Convenience properties:

response.text        # str | None — concatenated text from all TEXT blocks
response.tool_calls  # list[ContentBlock] — only TOOL_USE blocks
response.thinking    # str | None — concatenated thinking text

Content Block Types (Output)

for block in response.content:
    match block.type:
        case ContentType.TEXT:
            print(block.text)                    # "Hello! How can I help?"

        case ContentType.TOOL_USE:
            print(block.tool_call_id)            # "toolu_01XF..."
            print(block.tool_name)               # "get_weather"
            print(block.tool_input)              # {"location": "NYC"}  — always a dict

        case ContentType.THINKING:
            print(block.thinking)                # "Let me analyze..."
            print(block.thinking_signature)      # "WaUjzkypQ2m..."
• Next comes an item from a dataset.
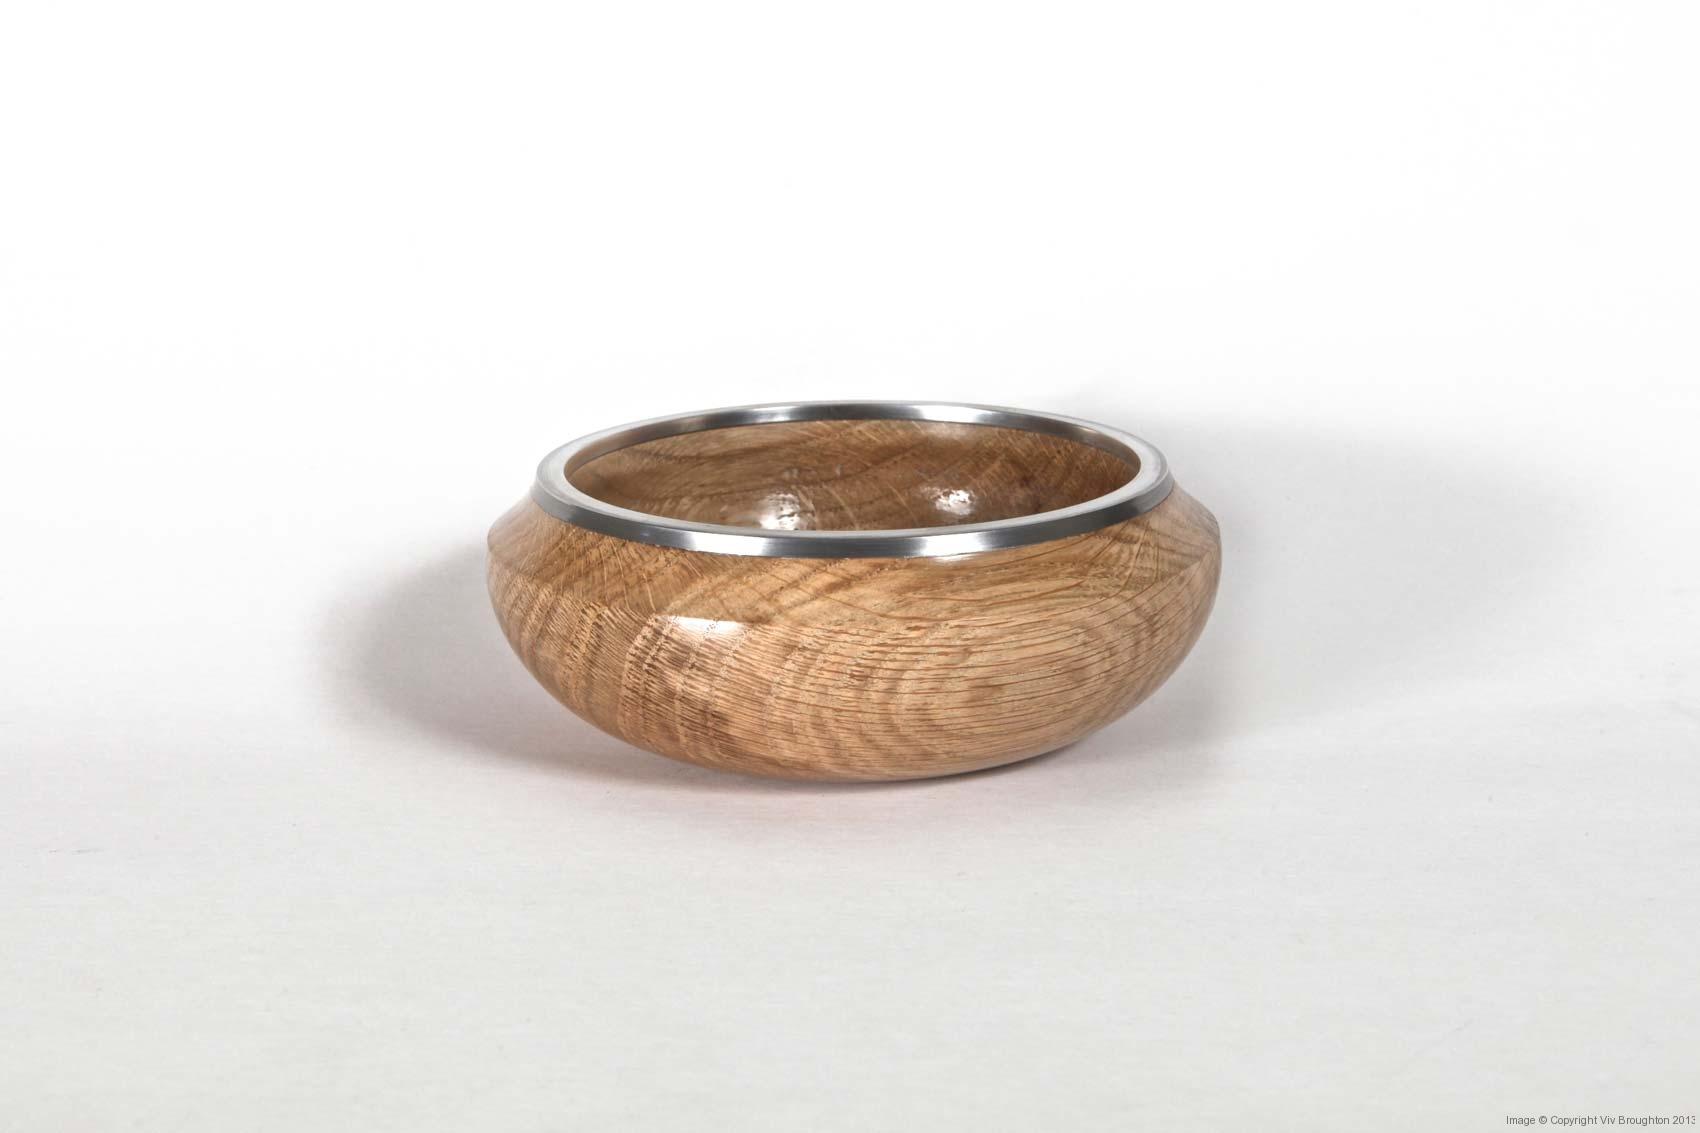 oak-bowl-with-narrow-pewter-rim

        case ContentType.REDACTED_THINKING:
            print(block.redacted_thinking_data)  # opaque encrypted data

        case ContentType.SERVER_TOOL_USE:
            print(block.tool_name)               # "web_search"
            print(block.tool_input)              # {"query": "latest news"}

Usage

response.usage.input_tokens                 # tokens in the prompt
response.usage.output_tokens                # tokens generated
response.usage.total_tokens                 # always input + output
response.usage.thinking_tokens              # extended thinking tokens (Anthropic)
response.usage.cache_read_input_tokens      # tokens read from cache
response.usage.cache_creation_input_tokens  # tokens written to cache

Finish Reasons

Value	Meaning
`FinishReason.STOP`	Normal completion
`FinishReason.TOOL_USE`	Model wants to call a tool
`FinishReason.LENGTH`	Hit `max_tokens` limit
`FinishReason.ERROR`	Error occurred
`FinishReason.PAUSE_TURN`	Long turn paused — can resume
`FinishReason.REFUSAL`	Safety refusal

Streaming — `stream()`

Yields ContentBlock chunks followed by a final Usage:

async for chunk in client.stream(model="anthropic/claude-sonnet-4-6", messages=[...]):
    if chunk.type == "text":
        print(chunk.text, end="", flush=True)       # streamed word by word
    elif chunk.type == "tool_use":
        print(f"Tool: {chunk.tool_name}({chunk.tool_input})")  # complete tool call
    elif chunk.type == "thinking":
        print(f"Thinking: {chunk.thinking[:50]}...")  # complete thinking block
    elif chunk.type == "usage":
        print(f"Tokens: {chunk.input_tokens} in, {chunk.output_tokens} out")

Chunk Type	When	Count
`ContentBlock(TEXT)`	Each text fragment as it arrives	Many
`ContentBlock(TOOL_USE)`	When a tool call is complete	One per tool
`ContentBlock(THINKING)`	When thinking block is complete	One per block
`ContentBlock(REDACTED_THINKING)`	When block is complete	One per block
`ContentBlock(SERVER_TOOL_USE)`	When server tool call is complete	One per call
`Usage`	End of stream	Always last

Tool Use — Full Loop

from modelgate import ModelGate, ModelGateConfig, Message, ContentBlock, ContentType, Role, Tool, ToolParameter

client = ModelGate(ModelGateConfig(anthropic_api_key="sk-ant-..."))

weather = Tool(
    name="get_weather",
    description="Get current weather",
    parameters={"location": ToolParameter(type="string", description="City")},
    required=["location"],
)

messages = [Message(role=Role.USER, content="What's the weather in NYC?")]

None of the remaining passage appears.